4.6 Summary — Three Steps of Simplified Self-Attention
- Compute attention scores — Compute the attention scores as dot products between the inputs
- Compute attention weights — The attention weights are a normalized version of the attention scores
- Compute context vectors — The context vectors are computed as a weighted sum over the inputs
5. Self-Attention with Trainable Weights (Q, K, V)
The simplified self-attention has no learnable parameters — the attention scores are fully determined by the fixed input embeddings. To make the mechanism learnable, we introduce three weight matrices: \(W_q\) (query), \(W_k\) (key), and \(W_v\) (value).
We already implemented a simplified attention mechanism. We will now extend the self-attention mechanism with trainable weights.
Why Three Separate Projections?
In simplified self-attention, each token plays all three roles at once — it is simultaneously the thing asking the question, the thing being compared against, and the thing contributing information to the output. This is limiting because what makes a token relevant to another token is not necessarily the same as what information that token should contribute.
Think of it like a library analogy. You walk in with a query — “I need something about machine learning.” The librarian compares your query against the key on each book’s catalog card — the title, subject tags, and summary that describe what the book is about. Once the best matches are found, you do not read the catalog cards — you read the actual values, the book contents themselves.
The query (\(q\)) encodes “what am I looking for?”, the key (\(k\)) encodes “what do I contain?”, and the value (\(v\)) encodes “what information do I actually provide if selected?”. By learning three separate projections, the model decouples these three roles so that the matching criterion (query vs key) can be completely independent from the information being passed (value).
For example, consider the sentence “The cat sat on the mat because it was tired.” When processing the word “it”, the query projection learns to encode something like “looking for an animate noun”, the key projection for “cat” learns to encode “I am an animate noun”, and the value projection for “cat” provides the actual semantic content — the meaning of “cat” — that gets blended into the context vector for “it”. Without separate projections, the model would be forced to use the same embedding for matching and for information transfer, which severely limits its expressiveness.

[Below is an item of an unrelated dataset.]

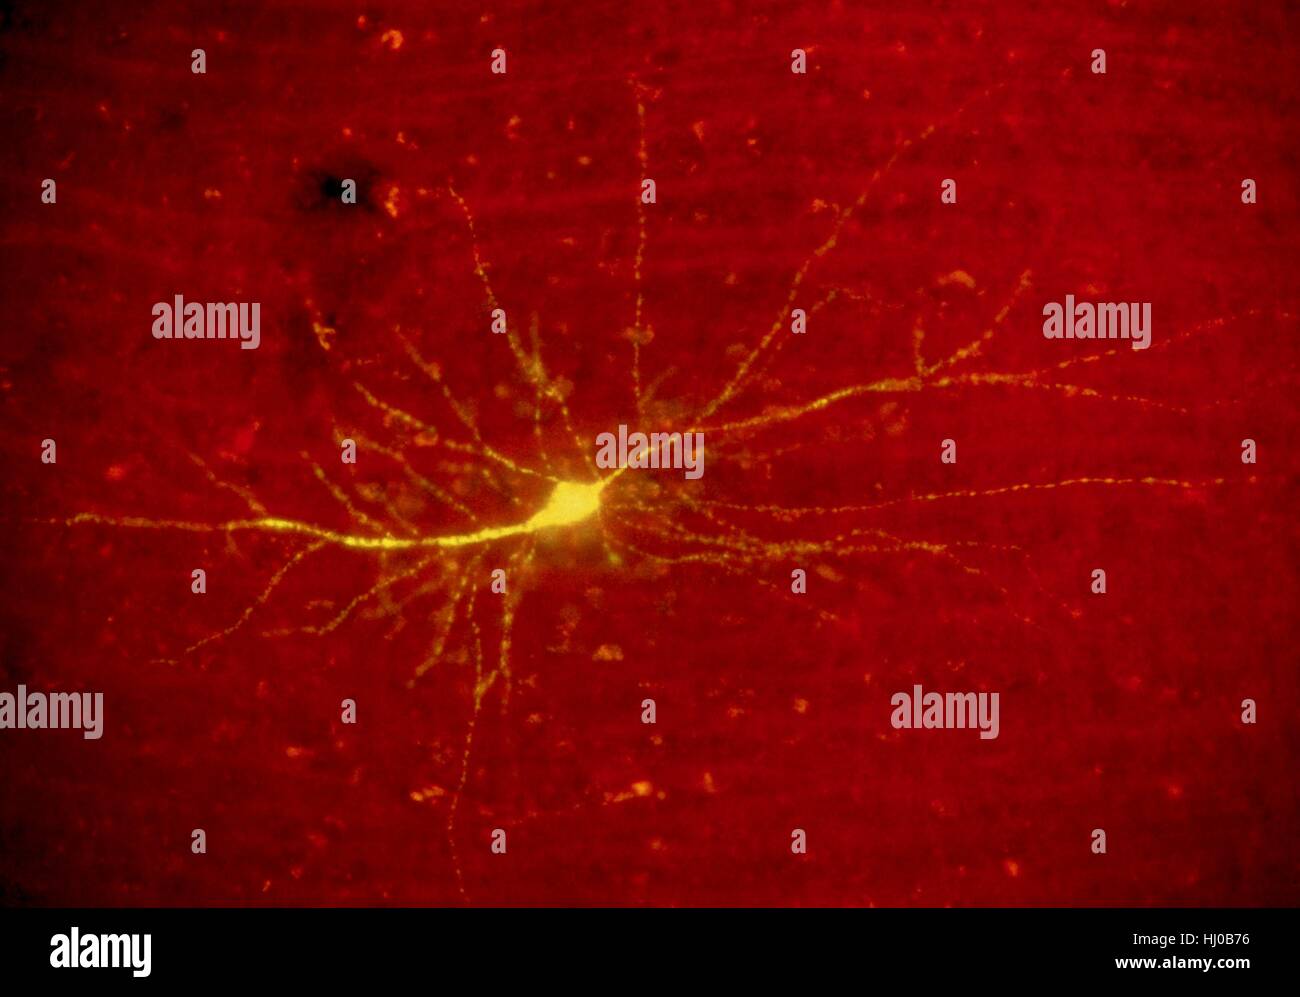 La lumière de fluorescence de micrographie neurone stellaire cortex humain.Ce neurone stellaire a été souillé du colorant fluorescent jaune Lucifer.Le cortex cérébral est la couche de tissu nerveux qui est à l'extérieur du cervelet cerveau cerveau des mammifères.C'est ce qu'on appelle la matière grise du cerveau en raison de fibres nerveuses qui Banque D'Images

Why Does the Dot Product Work for Measuring Relevance?
The dot product \(q \cdot k = \sum_i q_i k_i\) measures how well two vectors align in the projected space. When two vectors point in the same direction, their dot product is large and positive — they are “similar” in whatever abstract feature space the weight matrices have learned. When they are orthogonal, the dot product is zero — they are unrelated. During training, the weight matrices \(W_q\) and \(W_k\) learn to project tokens into a space where semantically relevant pairs produce high dot products.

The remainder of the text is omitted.